When I start loading data I start a transaction and when I finish I close it.
I found before this same error that I'm having not, so I added properties to that class (that has global scope) and from the SaveSetting replacement procedure, when I need to update or add a new value to the Configuration table, I check if there is a transaction going on in the class module, and in that case End the transaction to be able to use this cRecordset.
But at this time I see that there is no transaction going on in the class, the .TransactionStackCounter property also reports 0, but I get the error anyway:
The code at the procedure where I get the error is (in the bas module):
Code:
Public gDataBase As cConnection
Private mRecSettings As cRecordset
Code:
Public Sub SaveSettingDB(AppName As String, Section As String, Key As String, Setting As Variant, Optional Default)
Dim iStr As String
Dim iInTrans As Boolean
If Not IsMissing(Default) Then
If CStr(Default) = Setting Then
DeleteSettingDB AppName, Section, Key
Exit Sub
End If
End If
If Not gImageDataLoader Is Nothing Then
iInTrans = gImageDataLoader.DatabaseIsInATransaction
If iInTrans Then gImageDataLoader.DatabasePauseTransaction
End If
iStr = AppName & "_" & Section & "_" & Key
If Not mRecSettings.FindFirst("Key = '" & iStr & "'") Then
mRecSettings.AddNew
mRecSettings!Key = iStr
End If
mRecSettings!value = Setting
mRecSettings.UpdateBatch
If iInTrans Then
gImageDataLoader.DatabaseResumeTransaction
End If
End Sub
The code for the connection that is executed at the program start is:
Code:
Public Sub OpenDatabaseGeneral()
If gDataBase Is Nothing Then
On Error Resume Next
Set gDataBase = New_c.Connection(DatabasePath)
Set mRecSettings = gDataBase.OpenRecordset("SELECT * FROM Settings")
If Err.Number Then
Set mRecSettings = Nothing
Set gDataBase = Nothing
Kill DatabasePath
On Error GoTo 0
If Not FileExists(DatabasePath) Then
CreateDatabase
End If
On Error Resume Next
Set gDataBase = New_c.Connection(DatabasePath)
Set mRecSettings = gDataBase.OpenRecordset("SELECT * FROM Settings")
If Err.Number Then
MsgBox "Error opening cache database: " & Err.Number & " " & Err.Description, vbCritical
End If
End If
End If
End Sub
The error occurs at the line mRecSettings.UpdateBatch
PS: this error already happened with the previous version.
Last edited by Eduardo-; Aug 1st, 2022 at 11:22 PM.
Re: Convert binary data to a valid Unicode string whitout wasting (much) space ❓
My guess is, that you use DoEvents somewhere in your Apps "larger loops" -
is that the case?
Also, when gDataBase is a true global Variable (in a *.bas-Module),
you should use it "everywhere in your App" -
(and not open another cConnection on the same DB, in another Project-Private Class).
Do you have a small (complete) example, which reproduces that error-message?
Also, the code for:
- gImageDataLoader.DatabaseIsInATransaction
- gImageDataLoader.DatabasePauseTransaction
- gImageDataLoader.DatabaseResumeTransaction
would be nice to see
Re: Convert binary data to a valid Unicode string whitout wasting (much) space ❓
Thanks.
Originally Posted by Schmidt
My guess is, that you use DoEvents somewhere in your Apps "larger loops" -
is that the case?
It wasn't any DoEvents involved when the error happened.
Anyway I don't think it has anything to do.
Originally Posted by Schmidt
Also, when gDataBase is a true global Variable (in a *.bas-Module),
you should use it "everywhere in your App" -
In this way I can handle the connections as needed.

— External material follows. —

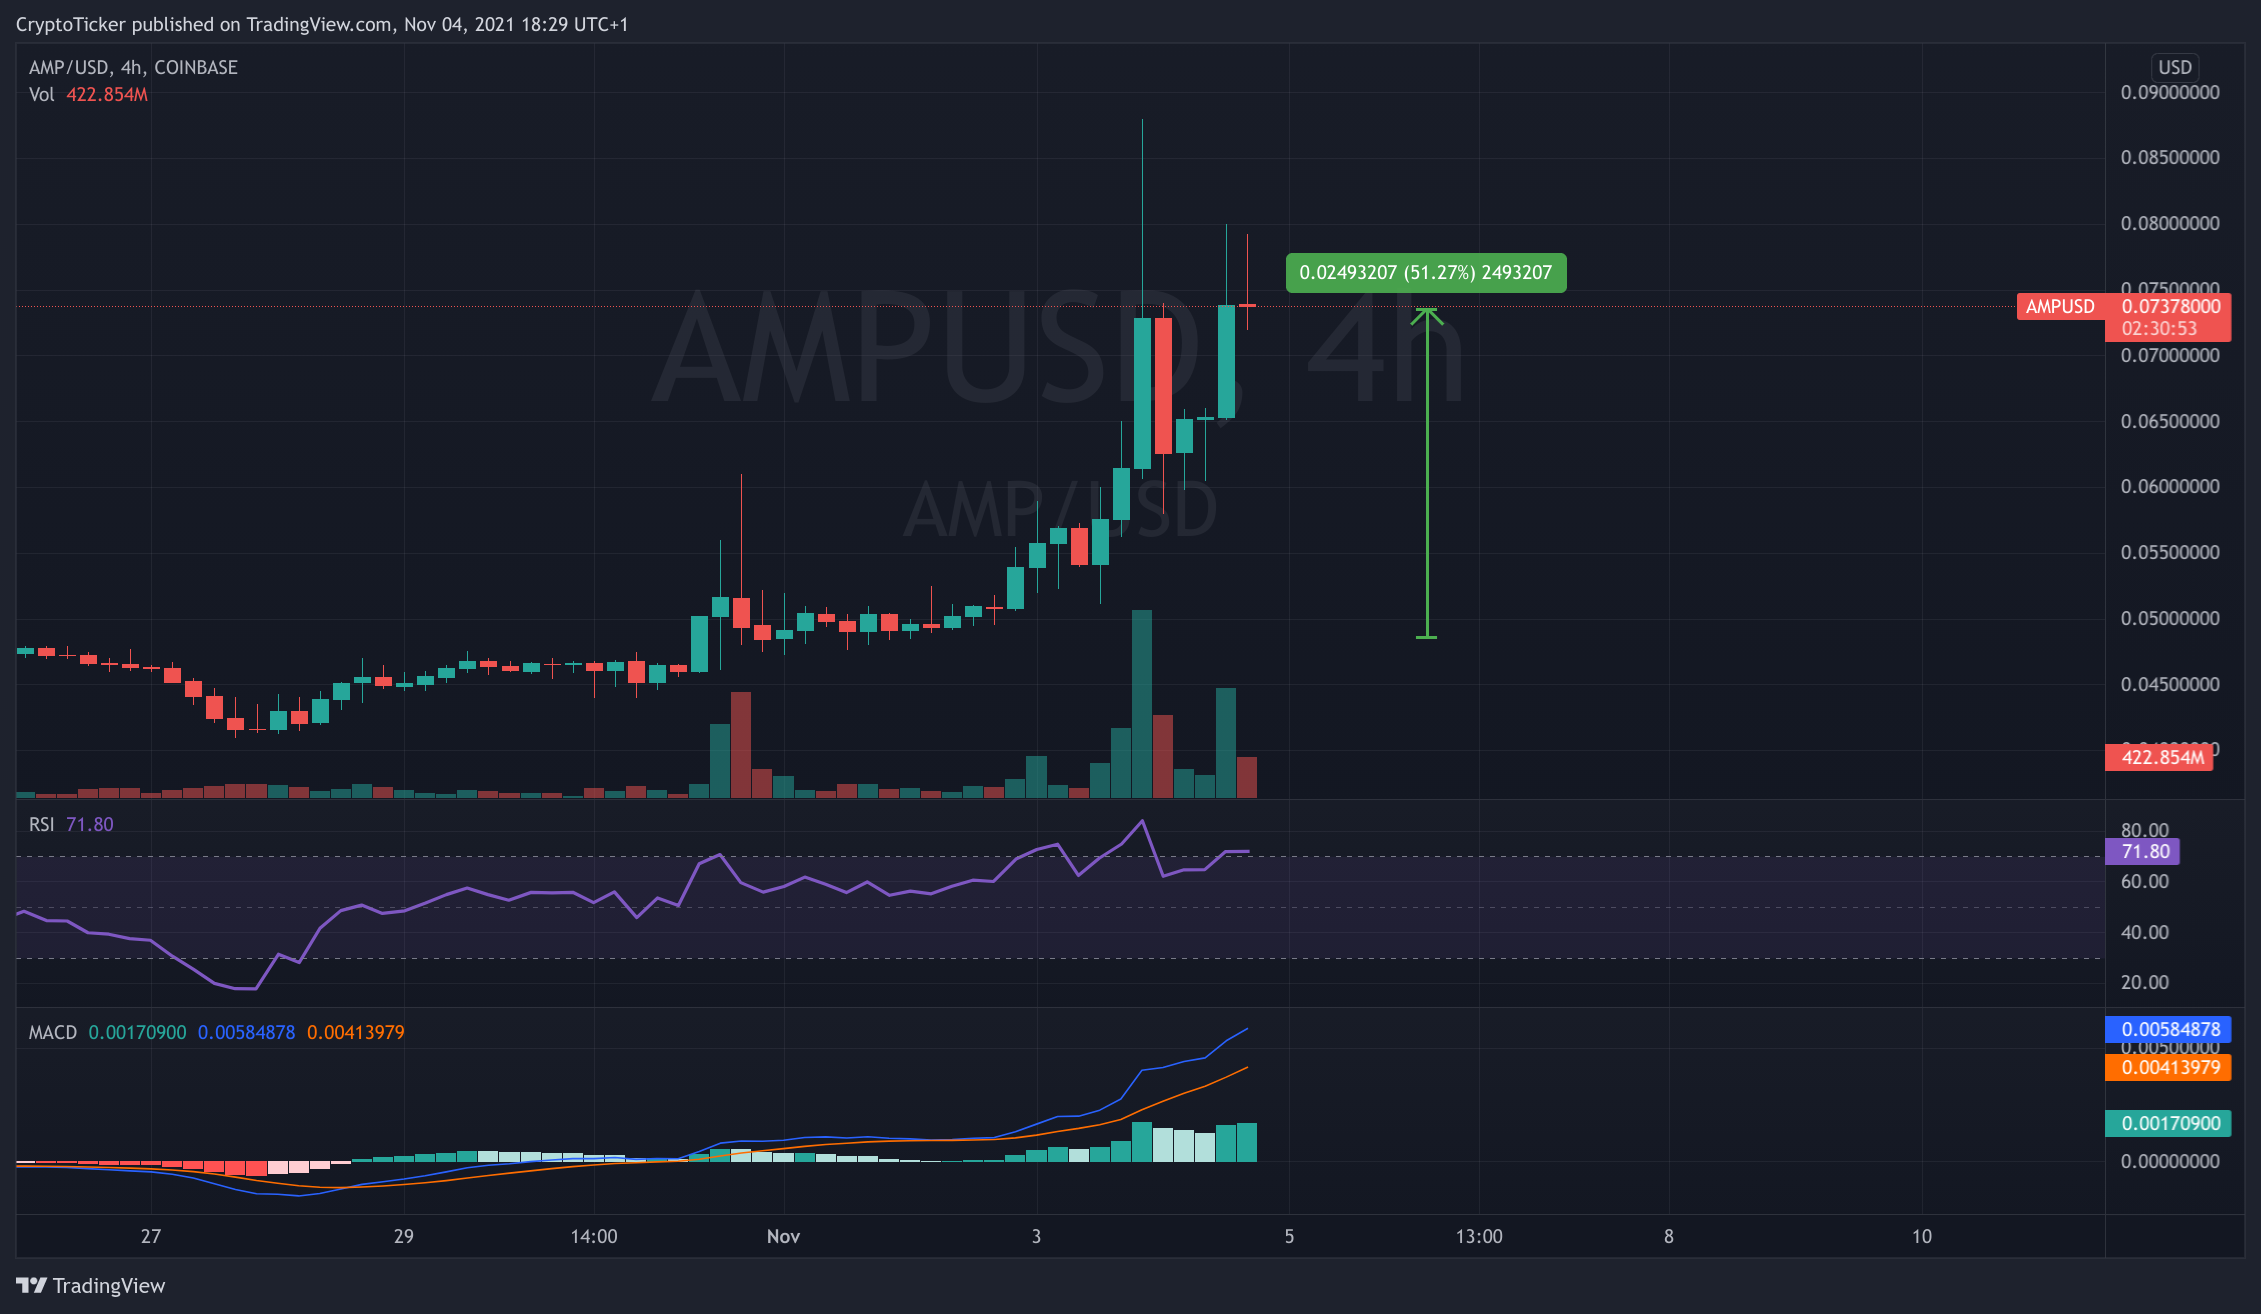 AMP/USD 4-hours chart showing AMP's rise

I mean, I know when to open and when to close each connection. One is global but may be closed too soon for the other needs.
That's what classes are useful for, to enclose all needed there with its own timing, isolating from other things.

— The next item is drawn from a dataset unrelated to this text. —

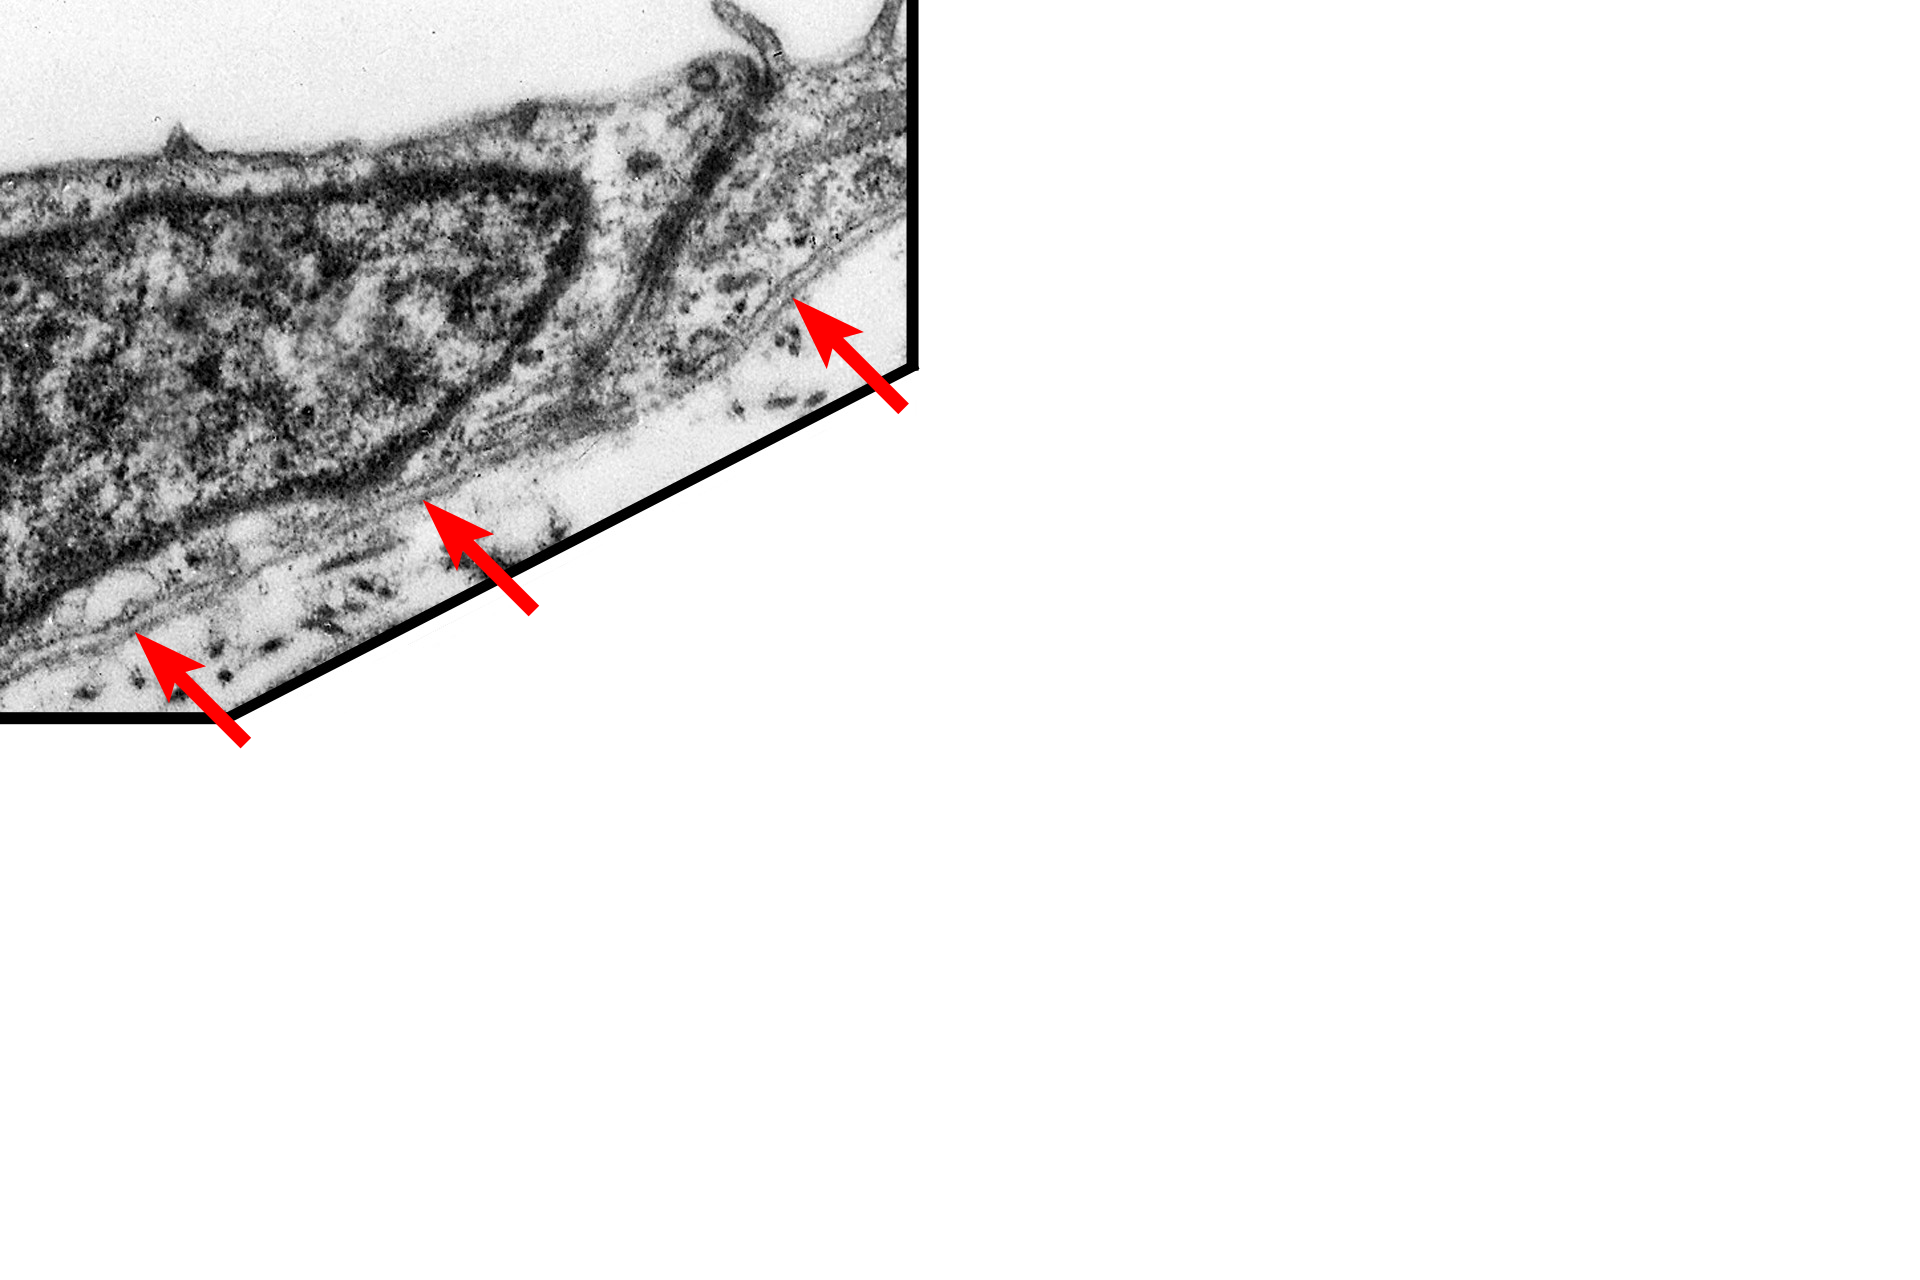 Lamina densa <p>All epithelia rest on a basement membrane, which consists of two components, the basal lamina, secreted by epithelial cells, and a reticular lamina, secreted by fibroblasts in the underlying connective tissue.  The basal lamina is, in turn, subdivided into lamina lucida and lamina densa.  Serosa  15,000x</p>

Originally Posted by Schmidt
(and not open another cConnection on the same DB, in another Project-Private Class).
So I can open just one connection at a time?
Originally Posted by Schmidt
Do you have a small (complete) example, which reproduces that error-message?
Also, the code for:
- gImageDataLoader.DatabaseIsInATransaction
- gImageDataLoader.DatabasePauseTransaction
- gImageDataLoader.DatabaseResumeTransaction
would be nice to see
Olaf
You already said if I understood correctly that only one connection is possible.
Is that a restriction of RC6 or SQLite?
Public Property Get DatabaseIsInATransaction() As Boolean
DatabaseIsInATransaction = mDataBase.TransactionStackCounter > 0
End Property
Public Sub DatabasePauseTransaction()
mDataBase.CommitTrans
End Sub
Public Sub DatabaseResumeTransaction()
mDataBase.BeginTrans
End Sub
mDataBase is the cConnection
It is opened in the Class_Initialize and closed in the Class_Terminate
Last edited by Eduardo-; Aug 2nd, 2022 at 08:00 AM.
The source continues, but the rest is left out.